▼

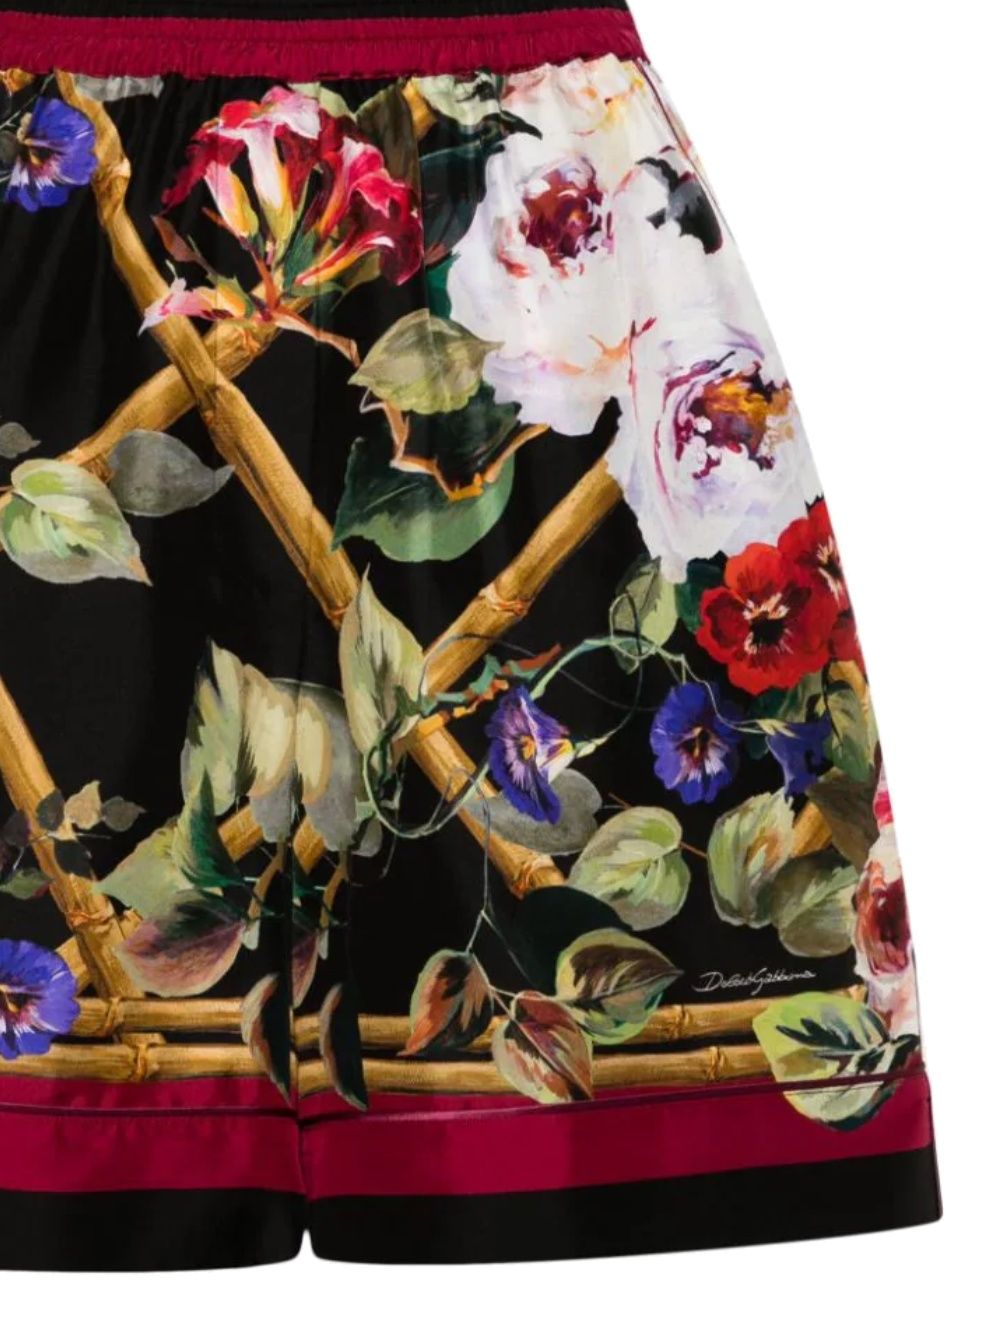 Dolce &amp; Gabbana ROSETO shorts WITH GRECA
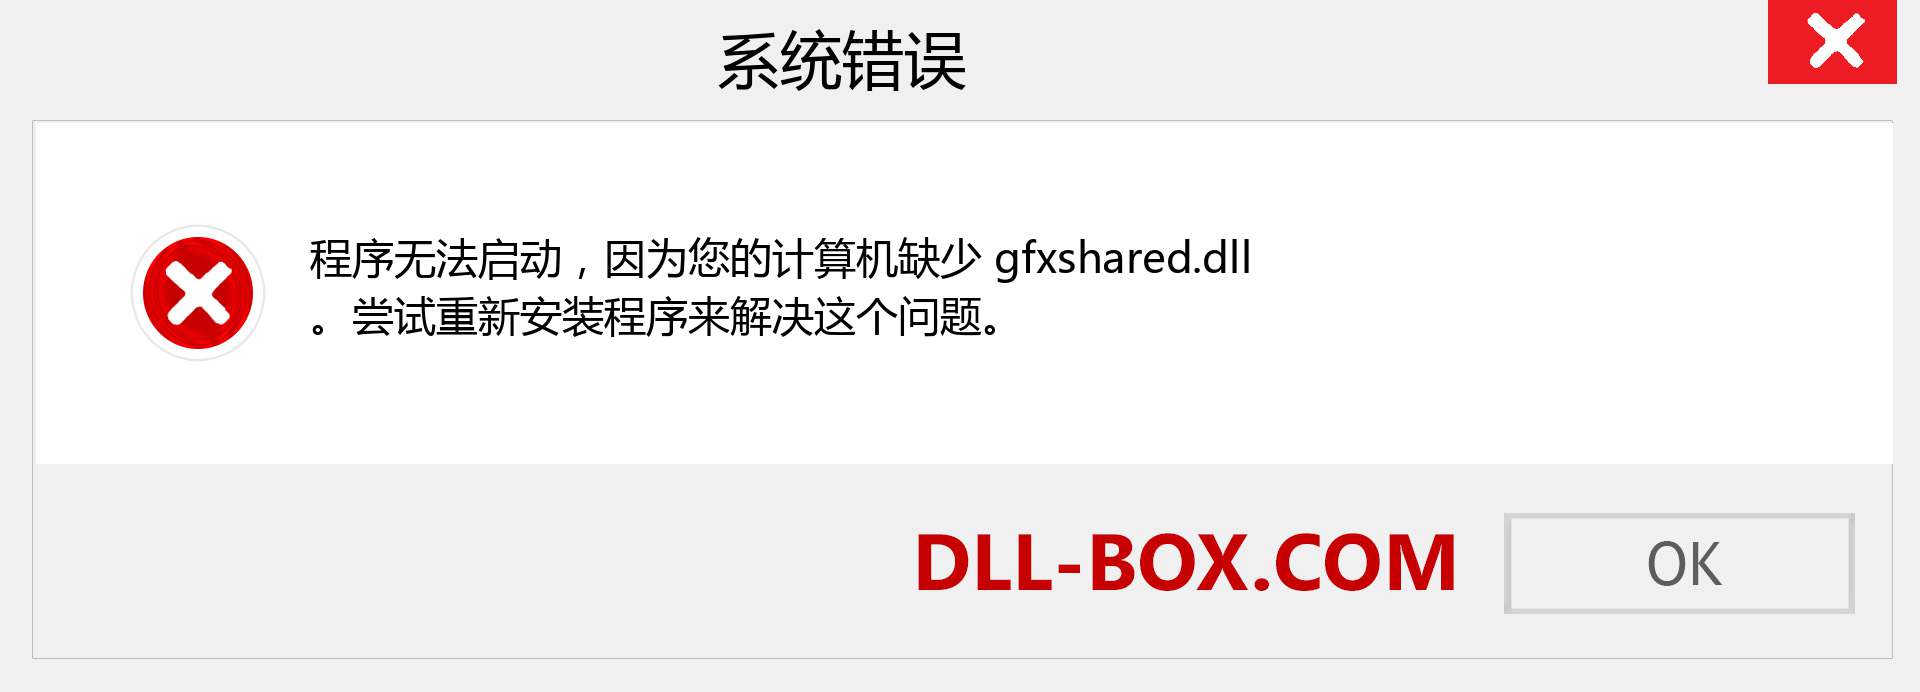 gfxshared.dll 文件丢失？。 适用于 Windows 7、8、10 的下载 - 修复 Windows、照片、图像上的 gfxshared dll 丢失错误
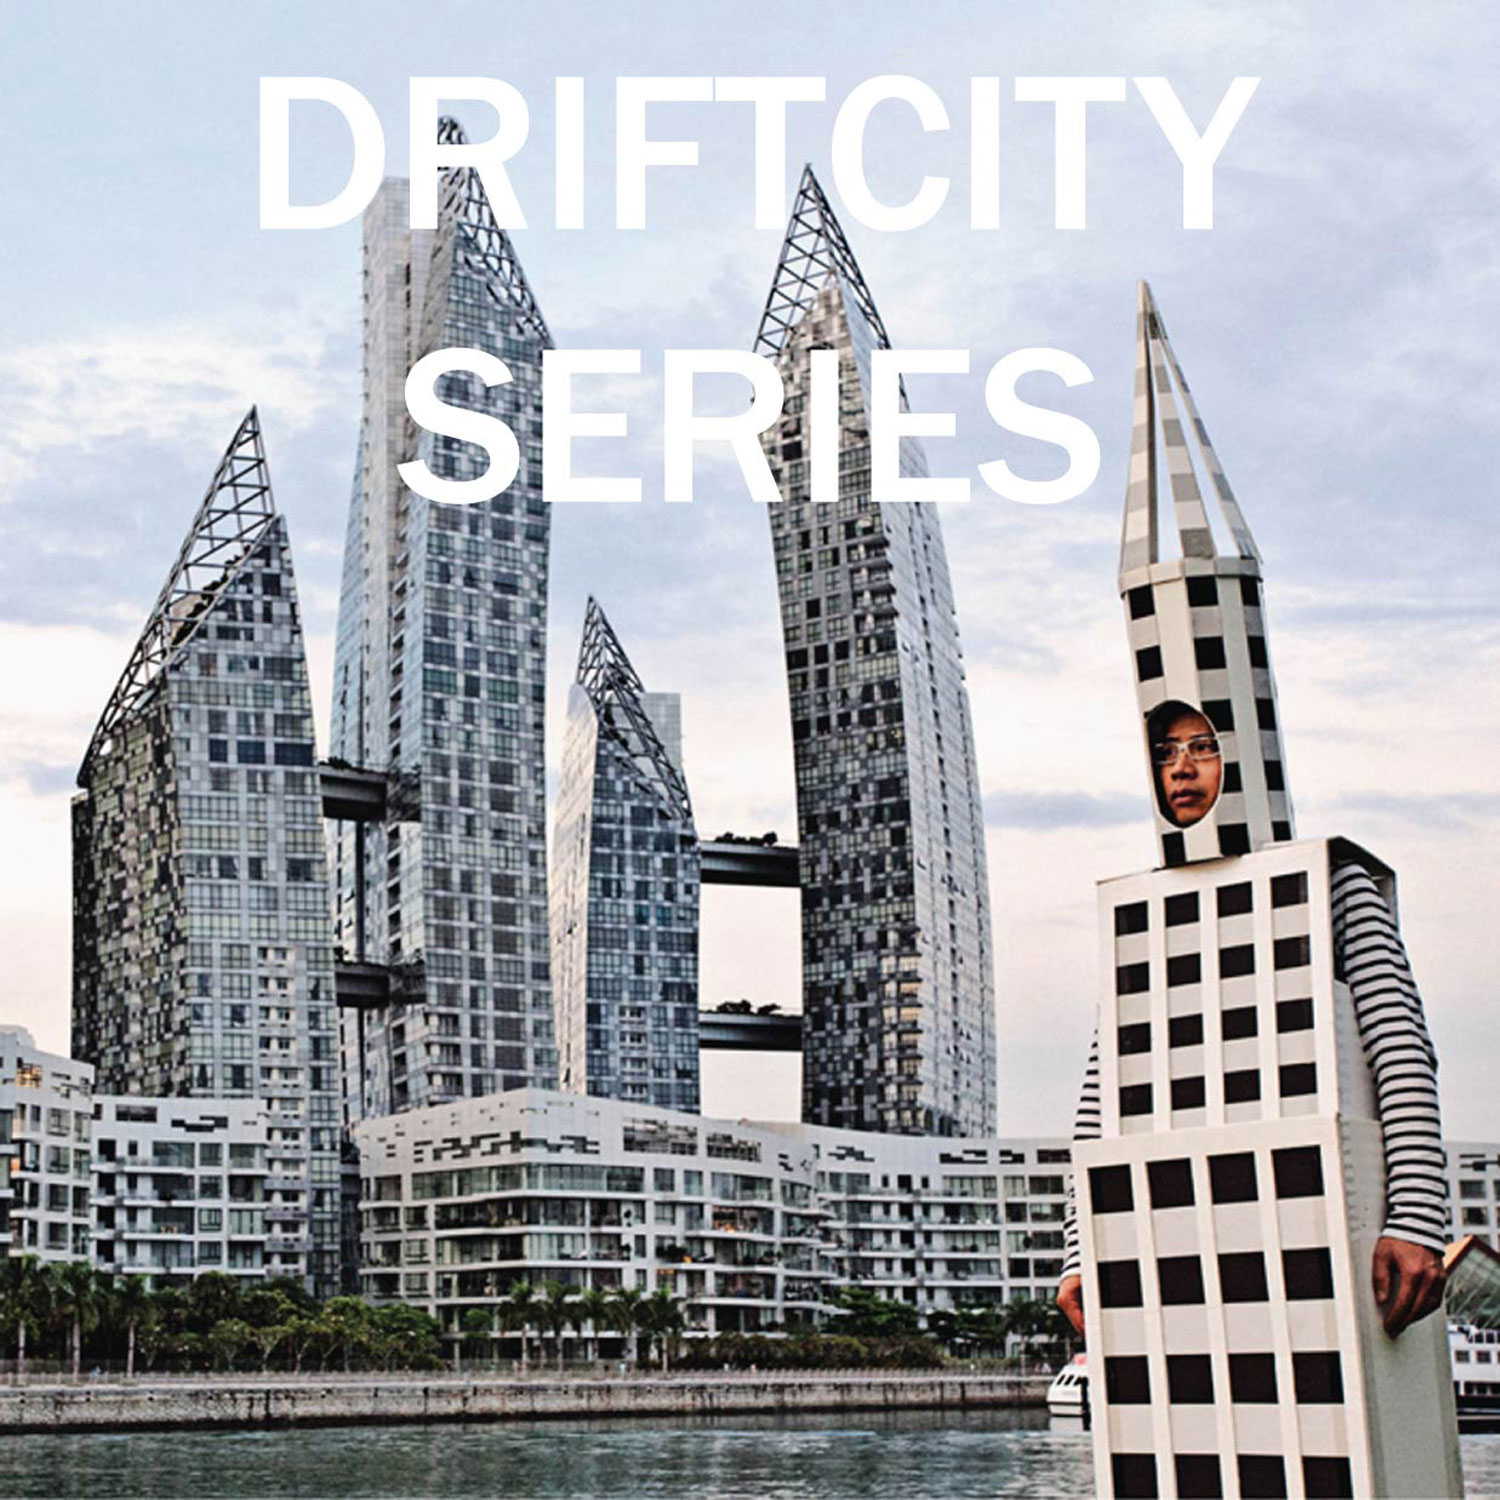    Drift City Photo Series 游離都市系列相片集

▲

Requirement ::
The images are to be left out; every line above should be set down exactly.

Response for this exercise ::
 Dolce &amp; Gabbana ROSETO shorts WITH GRECA
 gfxshared.dll 文件丢失？。 适用于 Windows 7、8、10 的下载 - 修复 Windows、照片、图像上的 gfxshared dll 丢失错误
    Drift City Photo Series 游離都市系列相片集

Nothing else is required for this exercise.